▸ What you should do
Excluding pictures, transcribe precisely the lines from the one containing "Women of Color Leading Arizona" to the final line of the listing below, inclusive, and nothing more.

▸ Available data

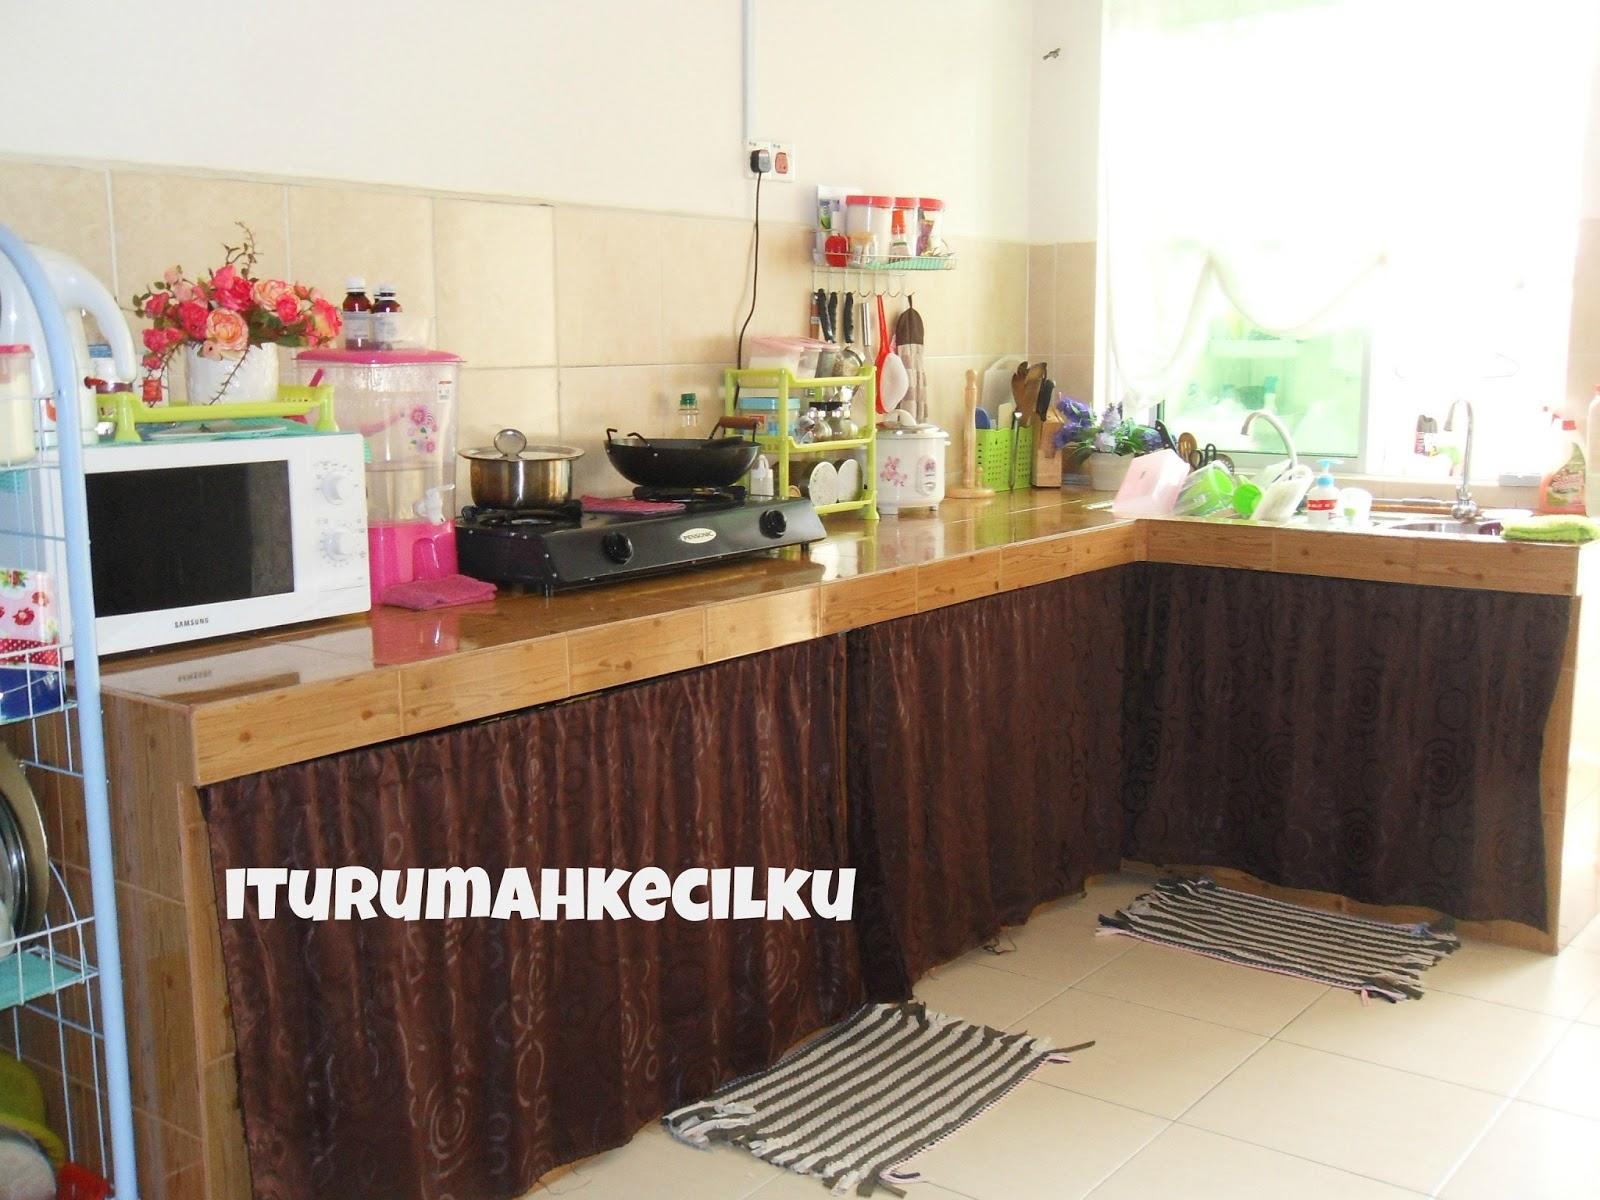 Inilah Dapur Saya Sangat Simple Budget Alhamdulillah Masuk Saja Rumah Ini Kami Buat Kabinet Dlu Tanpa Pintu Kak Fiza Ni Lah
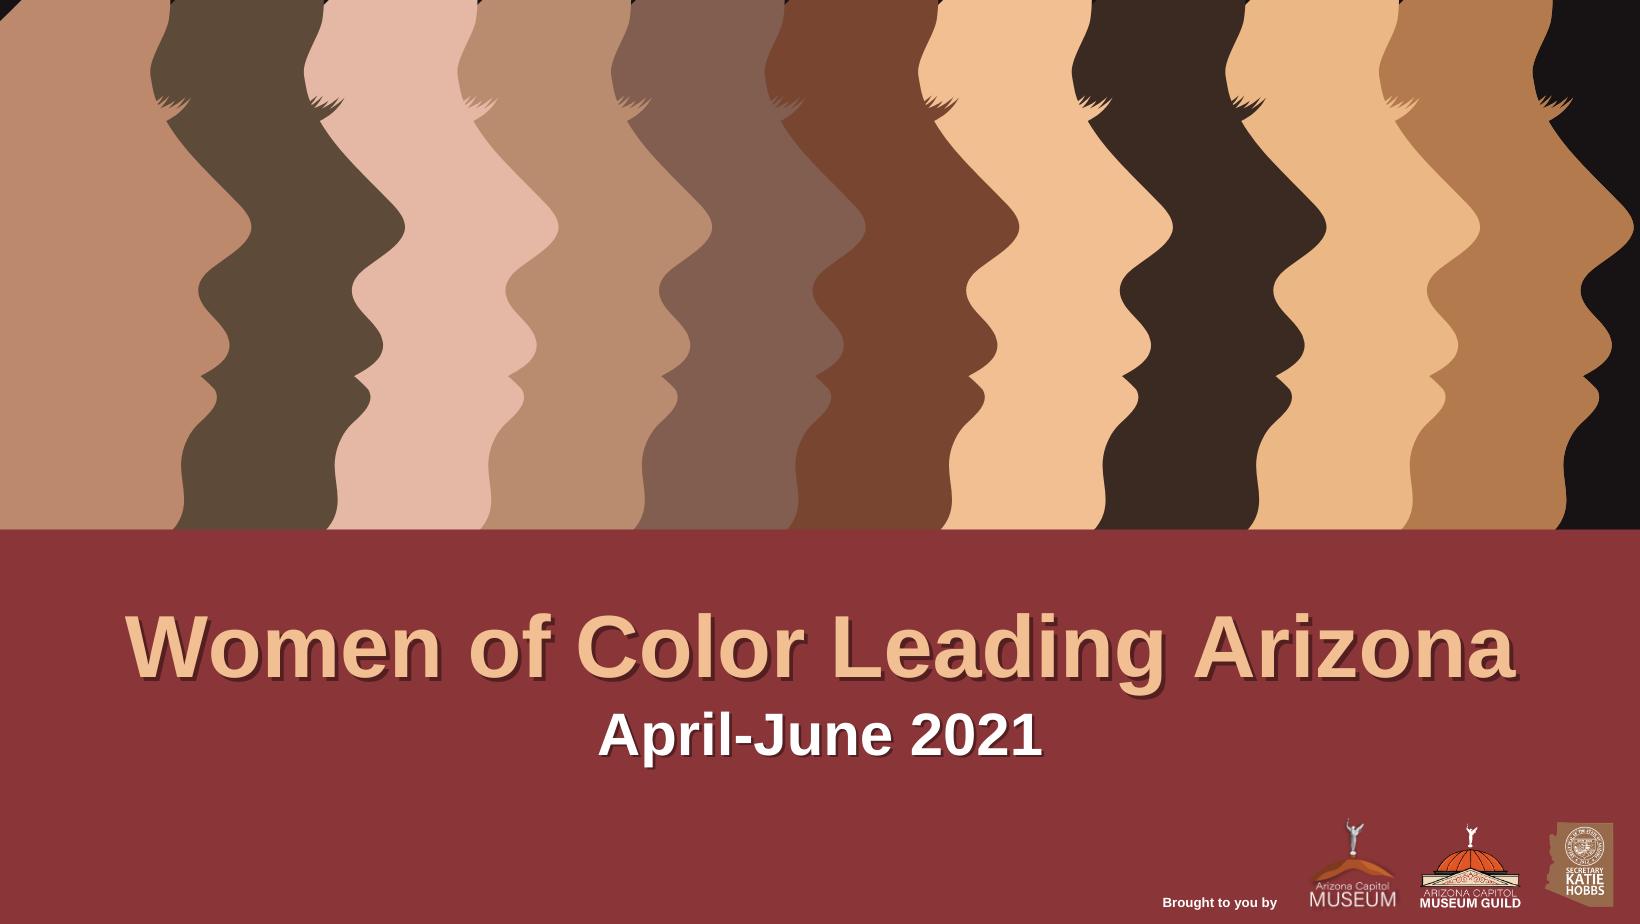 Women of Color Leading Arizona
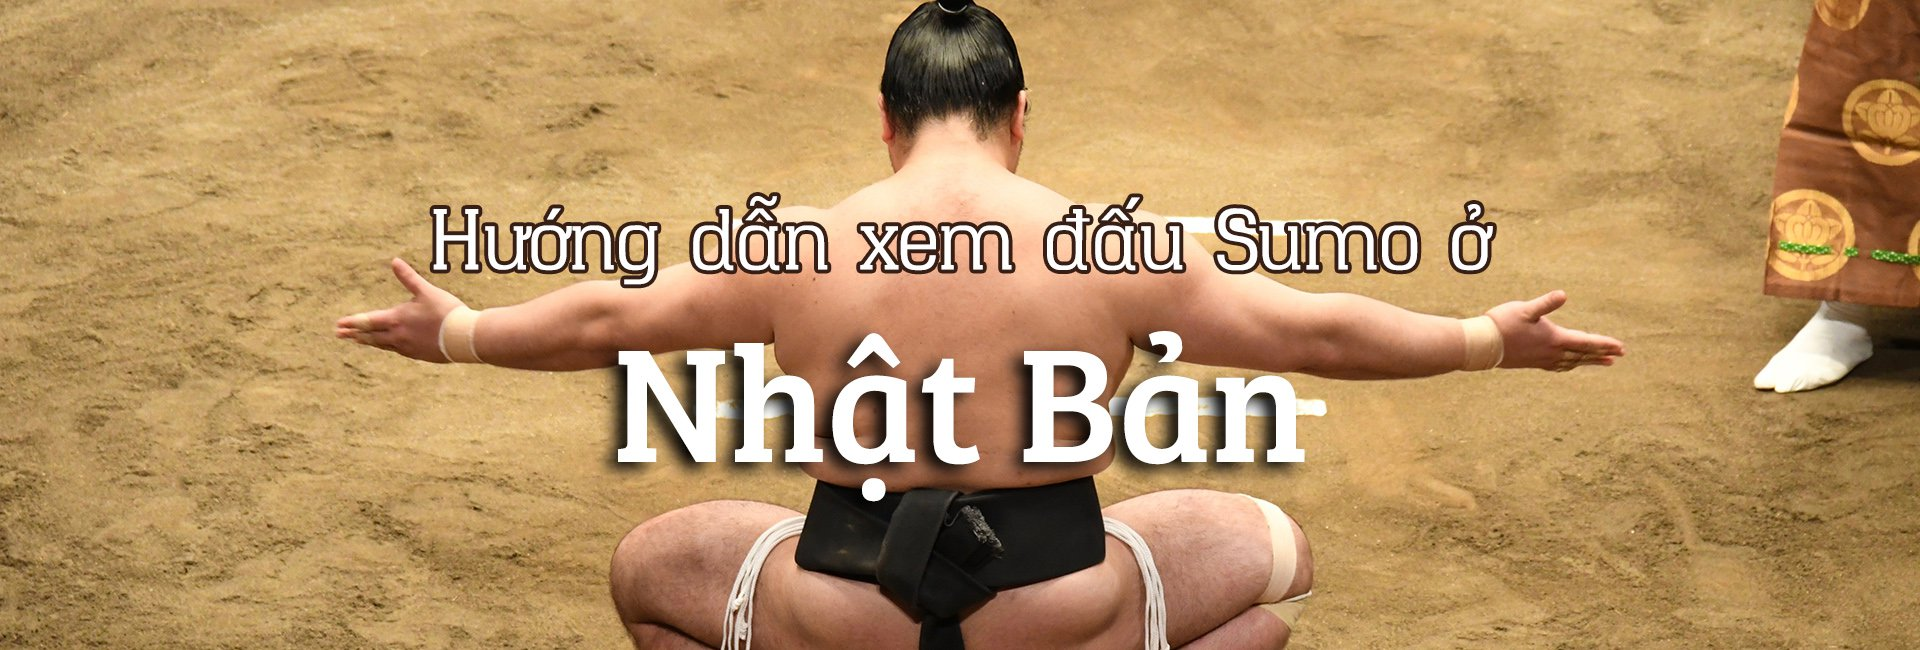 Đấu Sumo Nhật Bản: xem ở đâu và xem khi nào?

▸ Written solution
 Women of Color Leading Arizona
 Đấu Sumo Nhật Bản: xem ở đâu và xem khi nào?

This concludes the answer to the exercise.